Jenny and I try to combine those trips home to see my family with a little R&R in the most exotic locales the Delaware Valley has to offer. We’ve set up Thanksgiving camps in places like Cape May, New Hope, Lancaster County, Atlantic City, Reading, Ocean City, Scranton, Ship Bottom, Gettysburg– anywhere remotely interesting that offers a 4-star hotel with a 2-star price tag on Expedia. This year we spent 2 nights at the Omni in Old Town Philadelphia, within spitting distance of the ghosts of what feels like another life– the camera store I managed on Market Street, the bridge high above the Delaware River I used to drive subway trains across 16 times a night, and the site of my family’s nearly century-old printing business at 10th and Race. But it was the quick stop we made on the way home this past Saturday that instigated my little trip down memory lane here.
We both love the Jersey Shore, so we spent Friday night at a stately Victorian hotel in Spring Lake, just a few miles south of Asbury Park. Saturday morning found us once again exploring what Bruce Springsteen has called My City of Ruins with our cameras. Despite rumors of Asbury’s revitalization and rebirth, most of the surviving boardwalk icons and landmarks from four decades worth of Springsteen songs remain in the same disheveled state they have for years– the stripped-out iron skeleton of the Casino and the empty Carousel House are among the saddest.
The ghosts came out again as I stared down Ocean Avenue at the historic Stone Pony, the music club made famous in the 1970‘s by the likes of Springsteen, Stevie Van Zandt, and Southside Johnny Lyons. This time they momentarily whisked me back to a summer night in 1977 or ’78. A girlfriend and I were parked facing the front door of the Pony as none other than Springsteen himself pulled up in a cool old Chevy with a hot young chick. My right forearm tingled a bit as I remembered the twisting death grip Joan applied as it dawned on her who the short scruffy guy in the white T-shirt was.

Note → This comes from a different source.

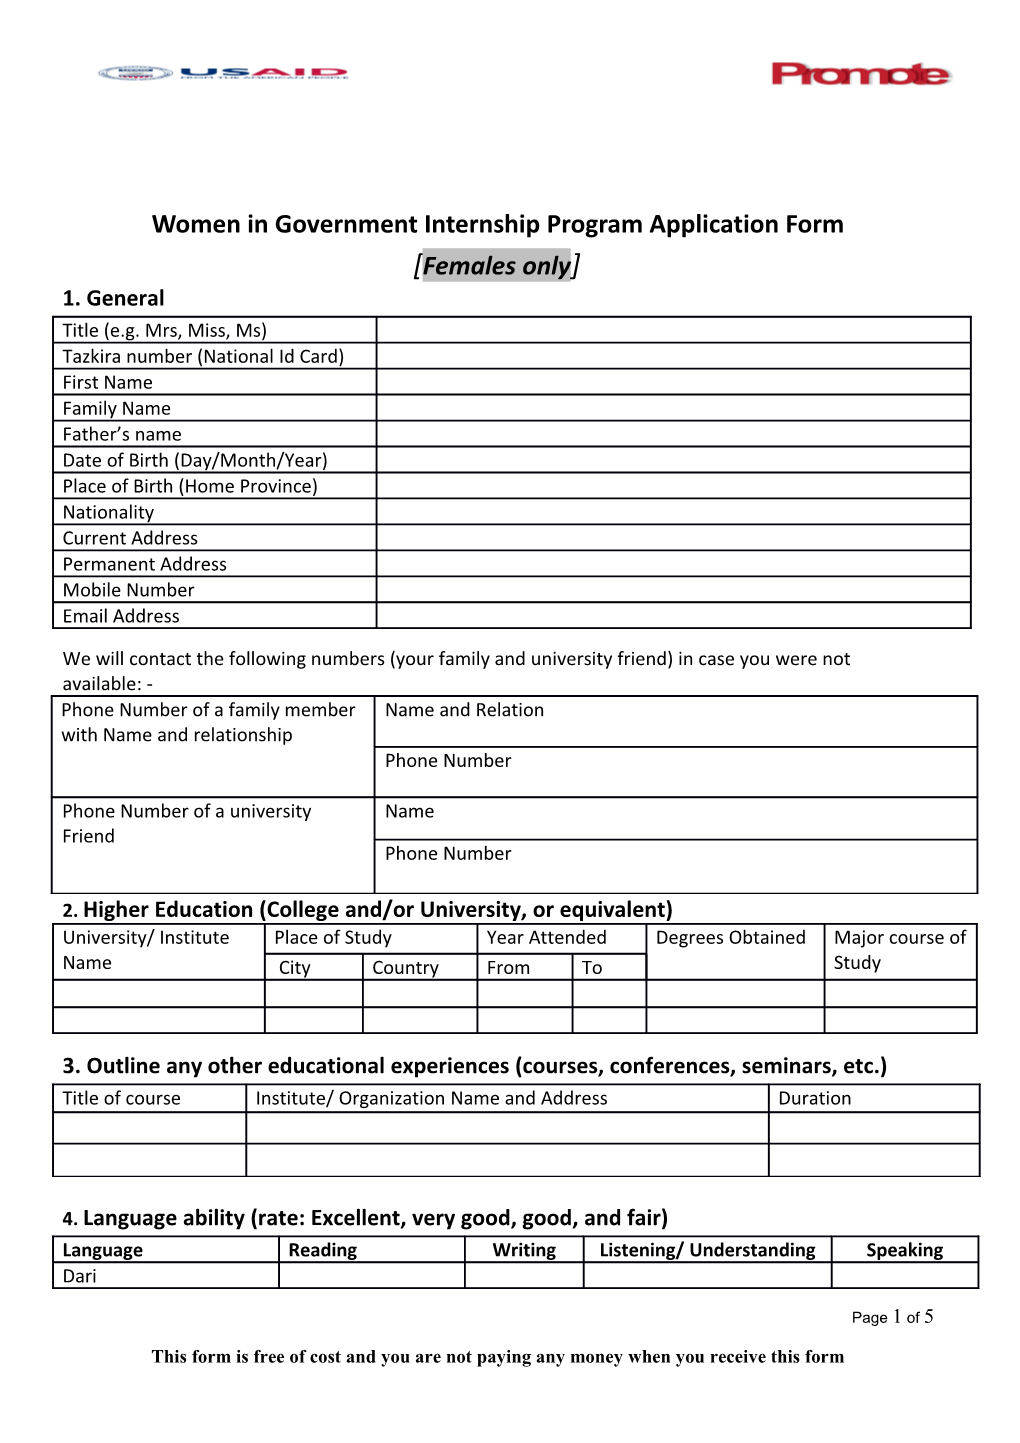 Women in Government Internship Program Application Form

Superstorm Sandy clobbered Asbury Park a little over a year ago, and the evidence of the havoc she wreaked is still everywhere. Jenny spotted a particularly hard hit beachfront building and quickly made her way over to it. At first all I saw was the heavily damaged north-facing wall, its vinyl siding mostly stripped away, patched with sheets of 4x8 plywood and surrounded by a rough wooden fence. But as I got closer, I saw what really attracted her. Somebody had scrawled some words across the plywood with black spray paint:
“everything DIES BABY
THAT’S A FACt”
It was the first line of the refrain from Atlantic City, a stormy, ghostly Springsteen song about another down and out Jersey resort town struggling with its own uncertain resurrection. In my opinion, music doesn’t get a whole lot better than Atlantic City.
Raising her camera, Jenny shot me her familiar “back off- I found it first” look as I repeated the familiar words out loud, then added the absent next line:
“but maybe everything that dies, someday comes back”
“You found it first, but I know what it means” I answered.
I stood on my tiptoes to frame up my own shot of the wall, pulling a fence board down with my left hand so I could get both lines of the grafitti in the shot. Peering through my new camera fitted with an old lens I bought at a camera store in Philly in the 70's, I saw that my hand had transformed the image from a picture of the wall to a picture about something much deeper.
Deeper to me, at least, in my Thanksgiving state of mind.